Гослинг покачал головой. — Ну, это вы напрасно. Он малый с головой.
— А что, девочки, не пора ли бай-бай? — спросила мать, откладывая свое штопанье.
Гослинг опять зевнул, потянулся и грузно поднялся с кресла. — Я, по крайней мере, не прочь. — Он опять зевнул и пошел обходить дом, как всегда делал это перед сном.
Вернувшись в гостиную, он поцеловал дочерей, и они вместе с матерью пошли наверх. Гослинг заботливо вытащил из огня наиболее крупные куски угля и пригреб их к решетке, свернул коврик, лежавший у камина, убедился, что окно заперто на задвижку, погасил лампу и последовал за своим ‘бабьем’.
— Курьезная история с этой новой эпидемией, — говорил он, раздеваясь, жене. — По-видимому, одни только мужчины заболевают ей.
— Ну, в Англию ее не пустят.
— Не пустят-то не пустят — это само собой разумеется, но, все-таки, курьезно — почему же это женщины ею не заражаются?

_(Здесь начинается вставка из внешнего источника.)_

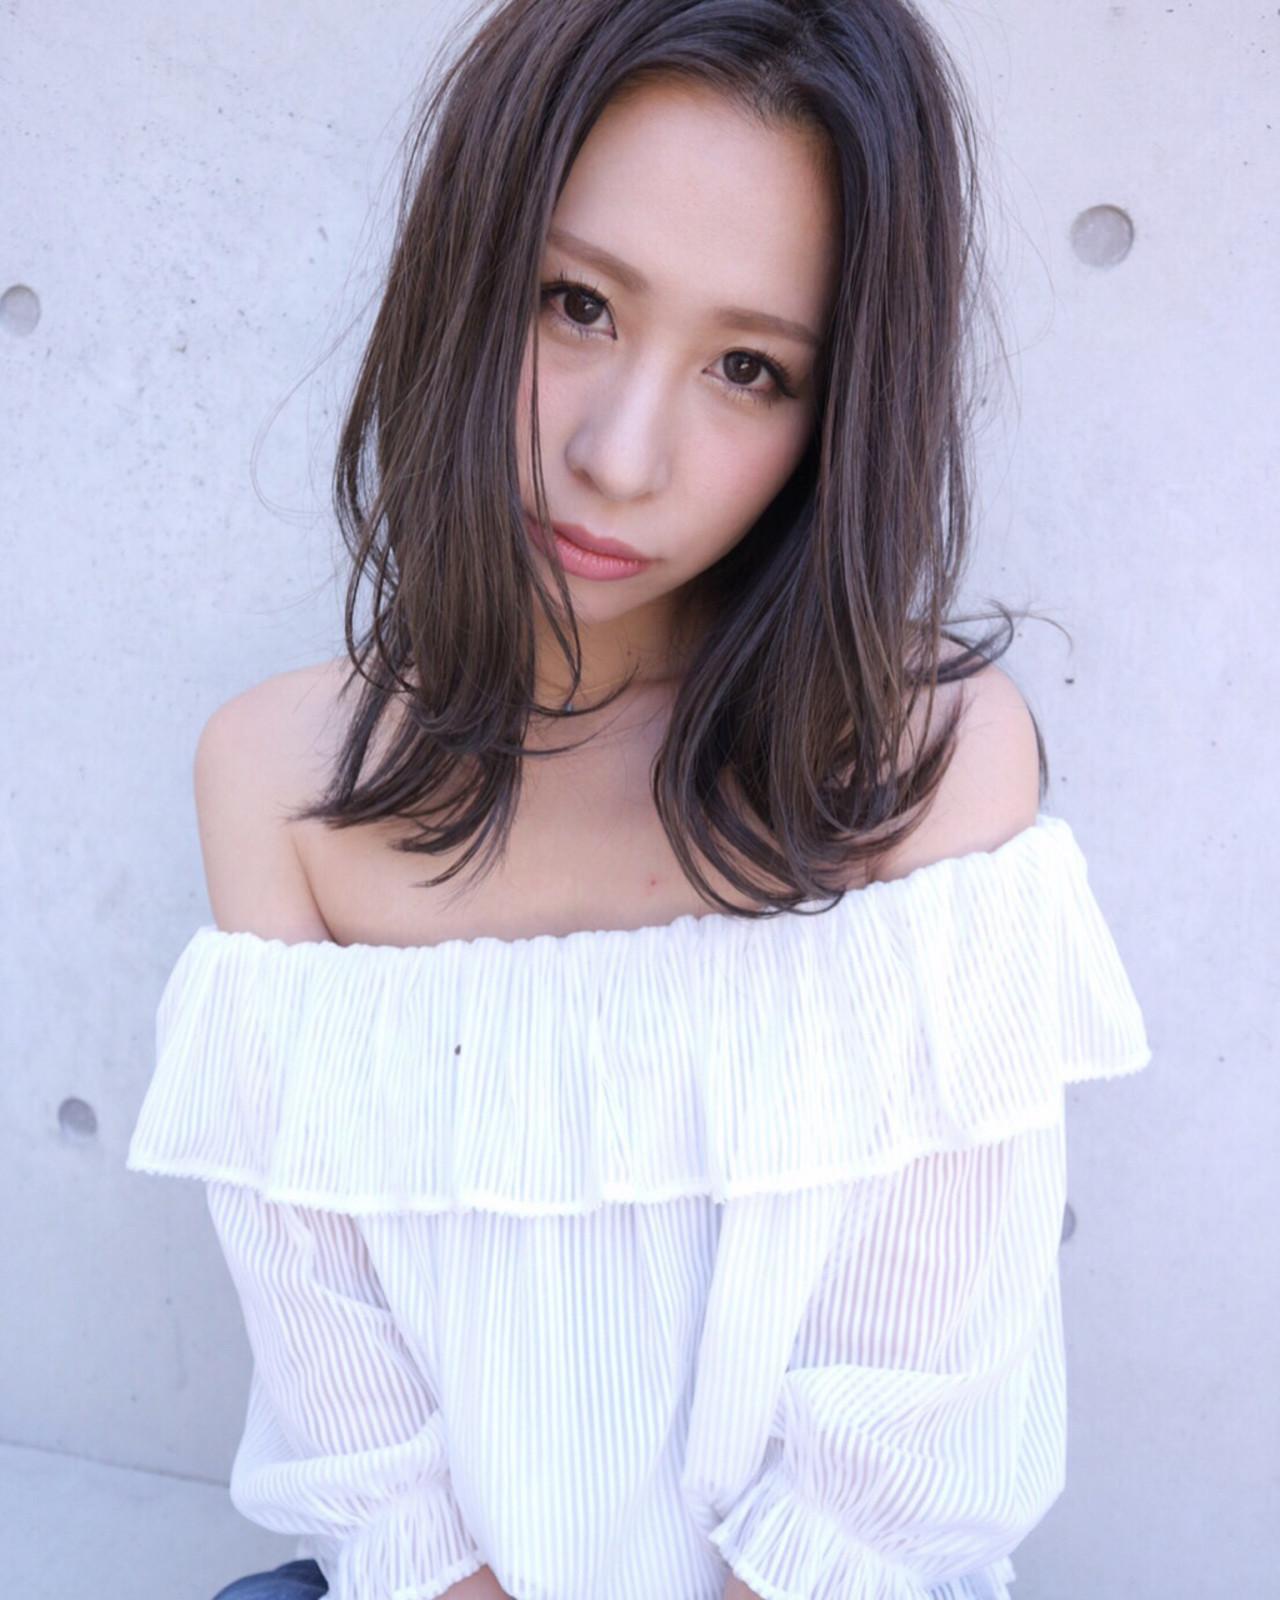 【顔型診断】顔の形で分かる!自分に似合う髪型って何?♡ Takashi Tetone | 1sT

Совершенно так же, как Гослинг, судило и огромное большинство населения Англии. Он ничего не боялся, потому что глубоко верил в энергию и бдительность правительства и в то, что оно располагает огромными ресурсами для предотвращения эпидемии. Чего же бояться? Заботиться о таких вещах — дело правительства, а если оно не знает своего дела, на то есть письмо в газеты. Уж газеты заставят властей выполнить свой долг. Как именно власти могут отвратить опасность, никто из многочисленной породы Гослингов толком не знал. Смутно они представляли себе, что тут должен орудовать Медицинский Департамент, или Санитарные Комитеты, смутно связывали их деятельность с местными органами управления, во главе которых, без сомнения, стоит какая-нибудь правящая власть — может быть, даже верховный глава правительства, на которое все нападают, но которое, тем не менее, отечески печется о гражданах страны.

МНЕНИЕ ДЖАСПЕРА ТРЕЙЛЯ

— Боже мой, как я вас завидую, — говорил Морган Гэрней.
Джаспер Трэйль слегка нагнулся к нему, не вставая с кресла. — Я не вижу причины, почему бы и вам не сделать того же, что сделал я — и даже больше.

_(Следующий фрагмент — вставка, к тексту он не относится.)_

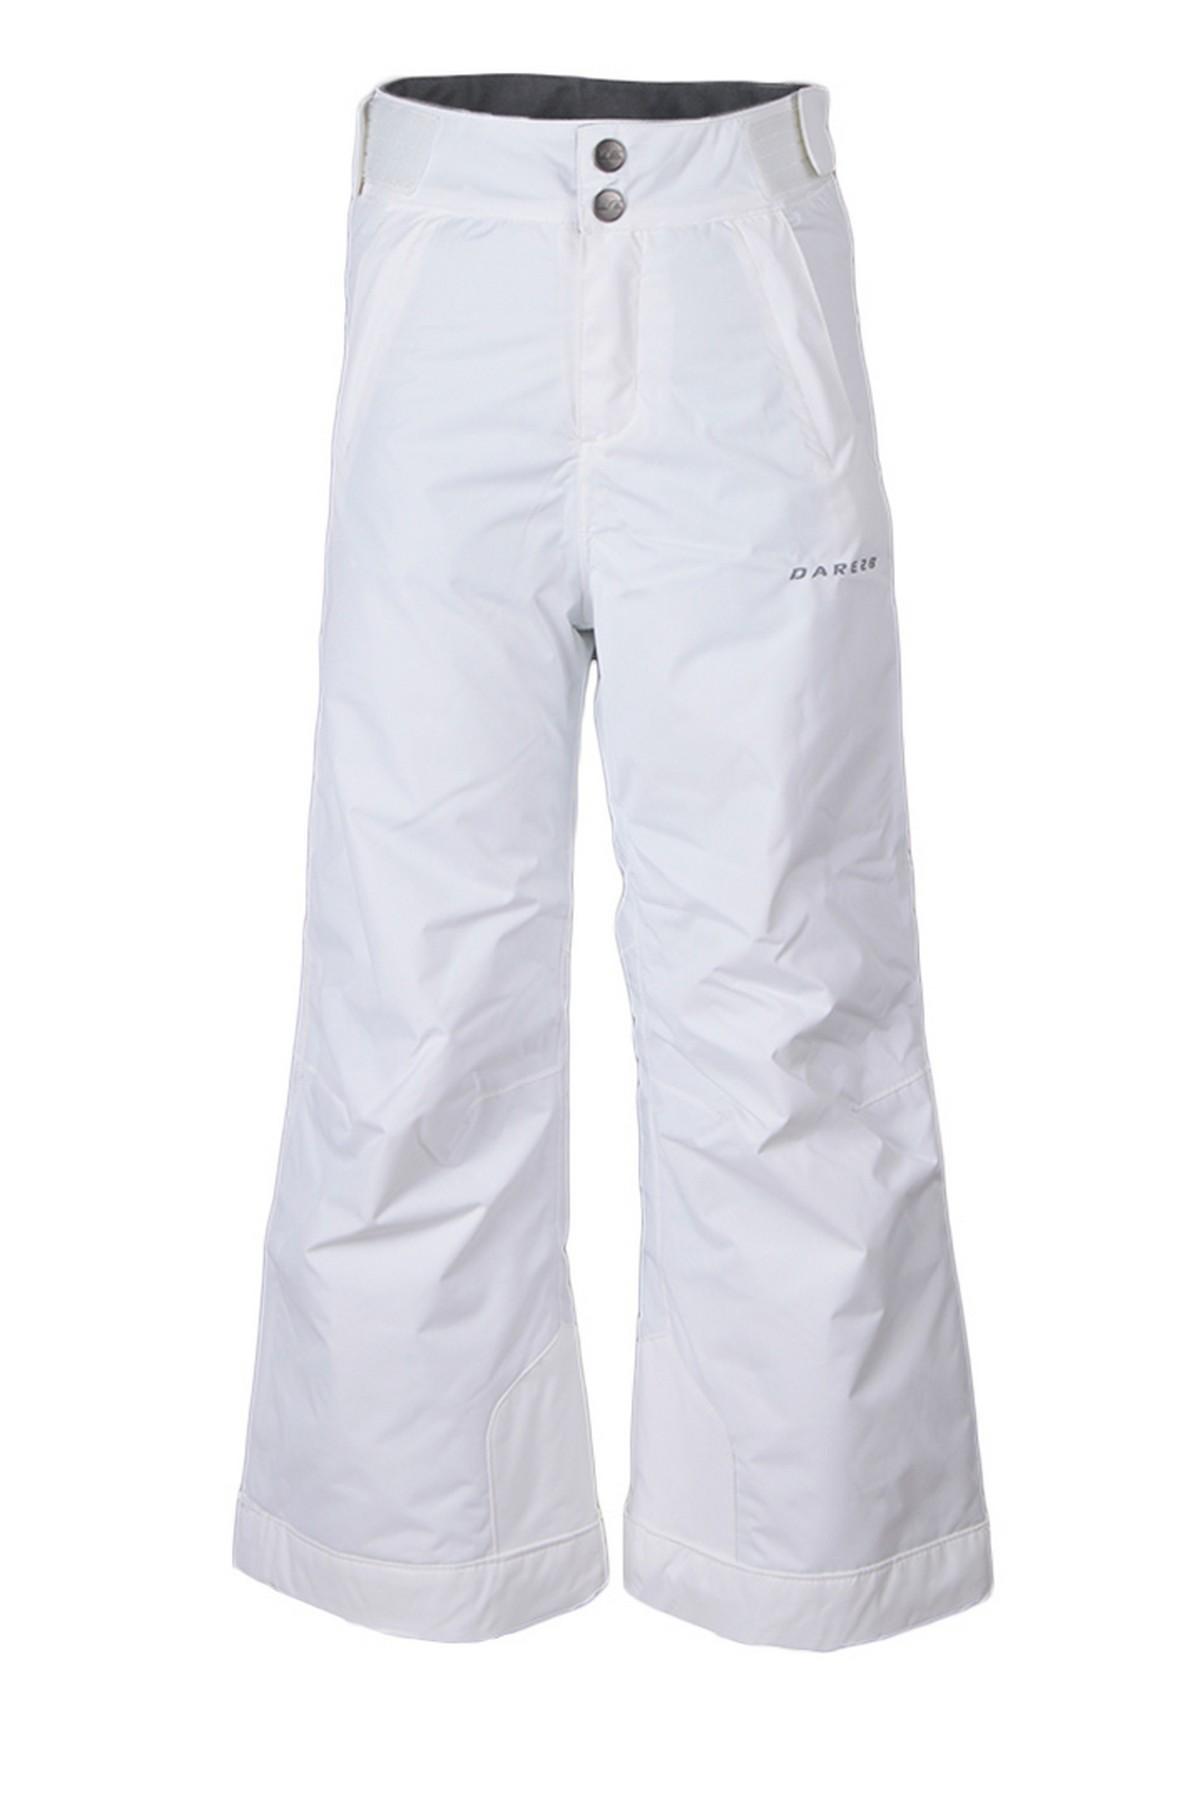 Dare2b Whirlwind Çocuk Kayak Pantolonu Beyaz (DKW304-900)

Теоретически, и я не вижу. Но на практике трудней всего начать. Как видите, у меня весьма приличная служба, хорошие перспективы, живется мне удобно, и жизнью своей я доволен. А вот как придет кто-нибудь вроде вас и начнет соблазнять рассказами про дальние края, так и потянет к морю, к приключениям, и захочется увидеть свет. Но это только изредка — а так я, вообще, доволен жизнью. — Посасывая трубочку, он глядел в огонь.

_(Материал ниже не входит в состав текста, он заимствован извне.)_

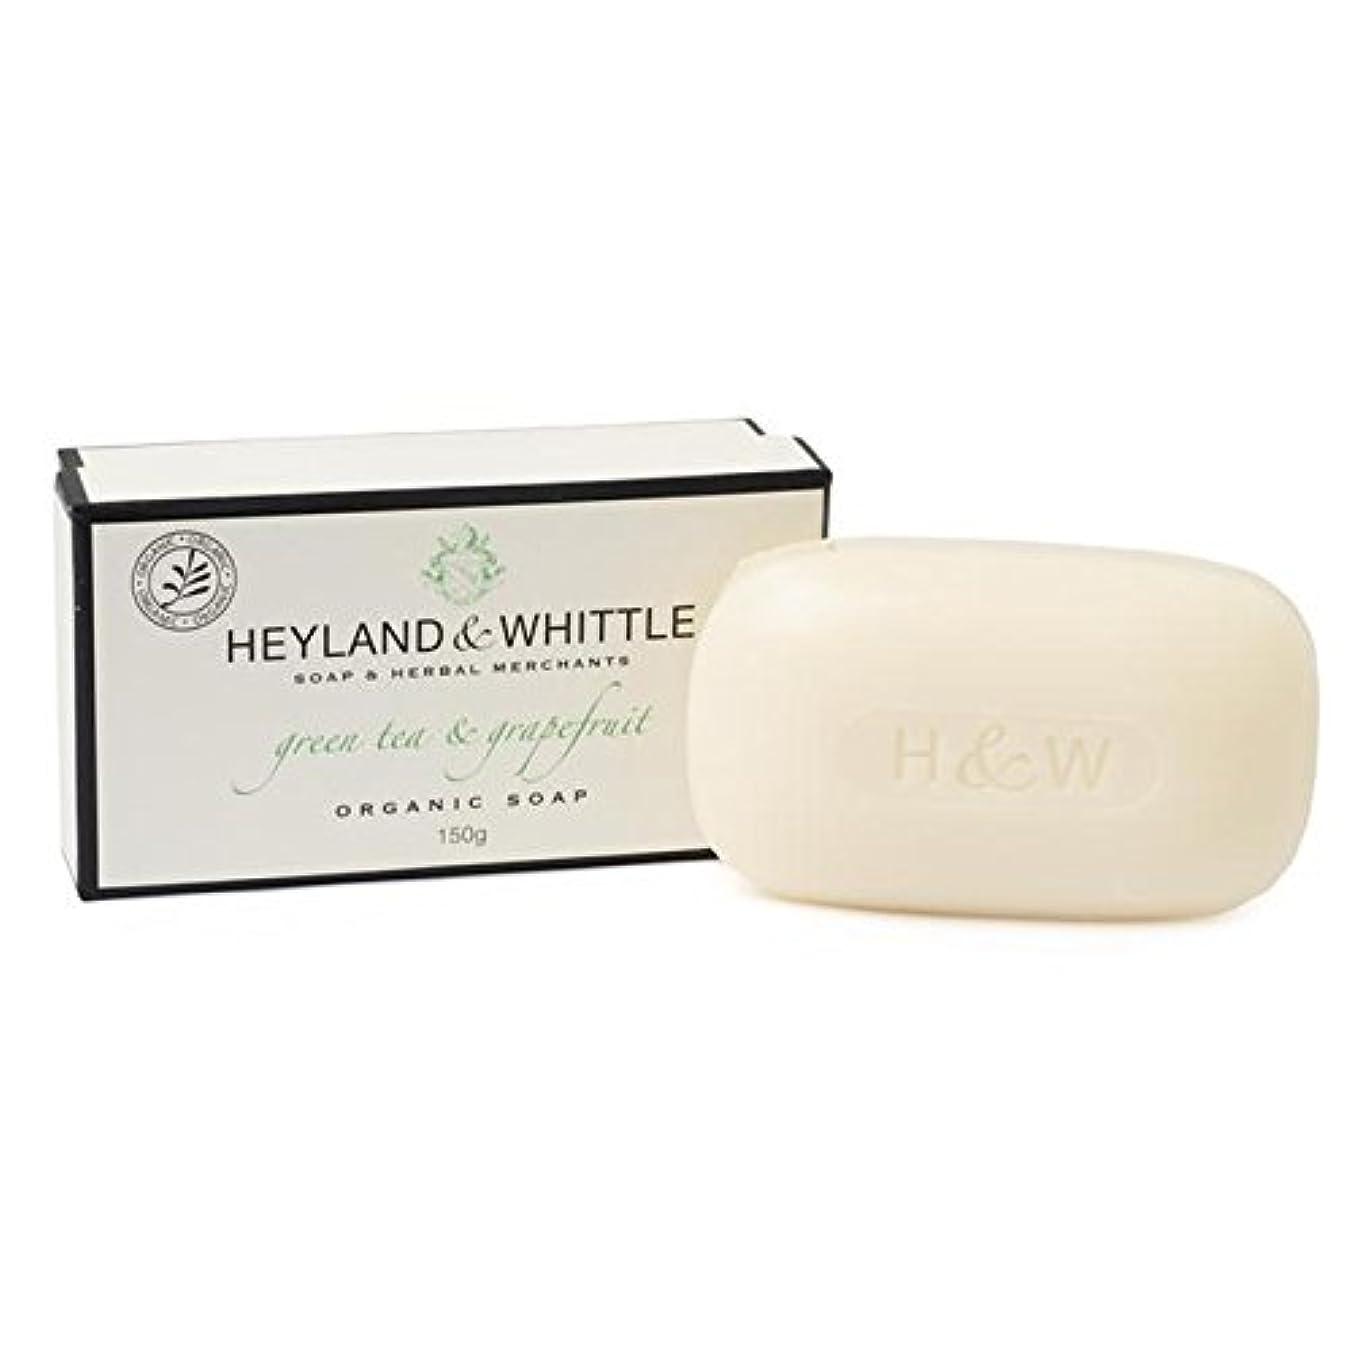 聖職者忘れっぽい闘争Heyland & Whittle Green Tea & Grapefruit Boxed Organic Soap 150g - &削る緑茶&グレープフルーツはオーガニックソープ150グラム箱入り [並行輸入品]

— Единственное, что действительно важно в жизни, это чувствовать себя физически чистым, сильным и здоровым. А этого чувства вы никогда не испытаете, если проживете всю жизнь в большом городе.
— Мне случалось так чувствовать себя после хорошей прогулки на велосипеде.
— Да, но вам некуда было девать накопившуюся энергию. А вот, если бы в такой момент перед вами встала какая-нибудь неотложная и грозная задача, от которой, может быть, зависит ваша жизнь, вы бы действительно кое-что испытали — почувствовали себя частицей жизни — не этой, мертвой, застойной, какой живут в столице, а жизни мировой, вселенской.
— Верю. Сегодня я почти готов бросить службу и отправиться на поиски тайн и приключений.
— Но вы этого не сделаете.
Гэрней вздохнул. Гость его поднялся и стал прощаться. — Ну, мне пора. Надо еще приискать себе какое-нибудь помещение.
— Я думал, что вы остановитесь у этих, ваших Гослингов.
— Нет. Не вышло. Старик получает теперь 300 фунтов жалованья, и находит, что в его положении неприлично держать нахлебников.
Трэйль взял свою шляпу и протянул руку.
— Но позвольте, старина, почему бы вам не остаться здесь?
— Я не знал, что у вас есть куда меня сунуть.
— О, да! Внизу найдется свободная комната.
Они скоро сговорились, при чем Трэйль настоял, чтобы расходы они делили пополам.
Когда Трэйль ушел за своим багажом, Гэрней долго еще раздумывал, глядя в огонь. Он раздумывал о том, благоразумно ли он поступил, и полезно ли для человека, состоящего на государственной службе и получающего 600 фунтов в год жалованья, дружить с такой оригинальной и волнующей личностью, как Трэйль, и слушать его рассказы о диких уголках вселенной, не знающих никакой цивилизации. Поставив вопрос ребром, Гэрней мог прийти только к одному выводу: — что было бы дико и глупо с его стороны бросить удобную и выгодную службу и обречь себя на лишения, неудобства и отсутствие прочного заработка. Он знал, что лишения будут ему, по крайней мере, вначале, весьма чувствительны. Друзья сочли бы его сумасшедшим… И все это только для того, чтобы испытать какие-то новые, неизведанные ощущения, почувствовать себя чистым, сильным, здоровым и способным приподнять завесу над еще не раскрытой тайной жизни.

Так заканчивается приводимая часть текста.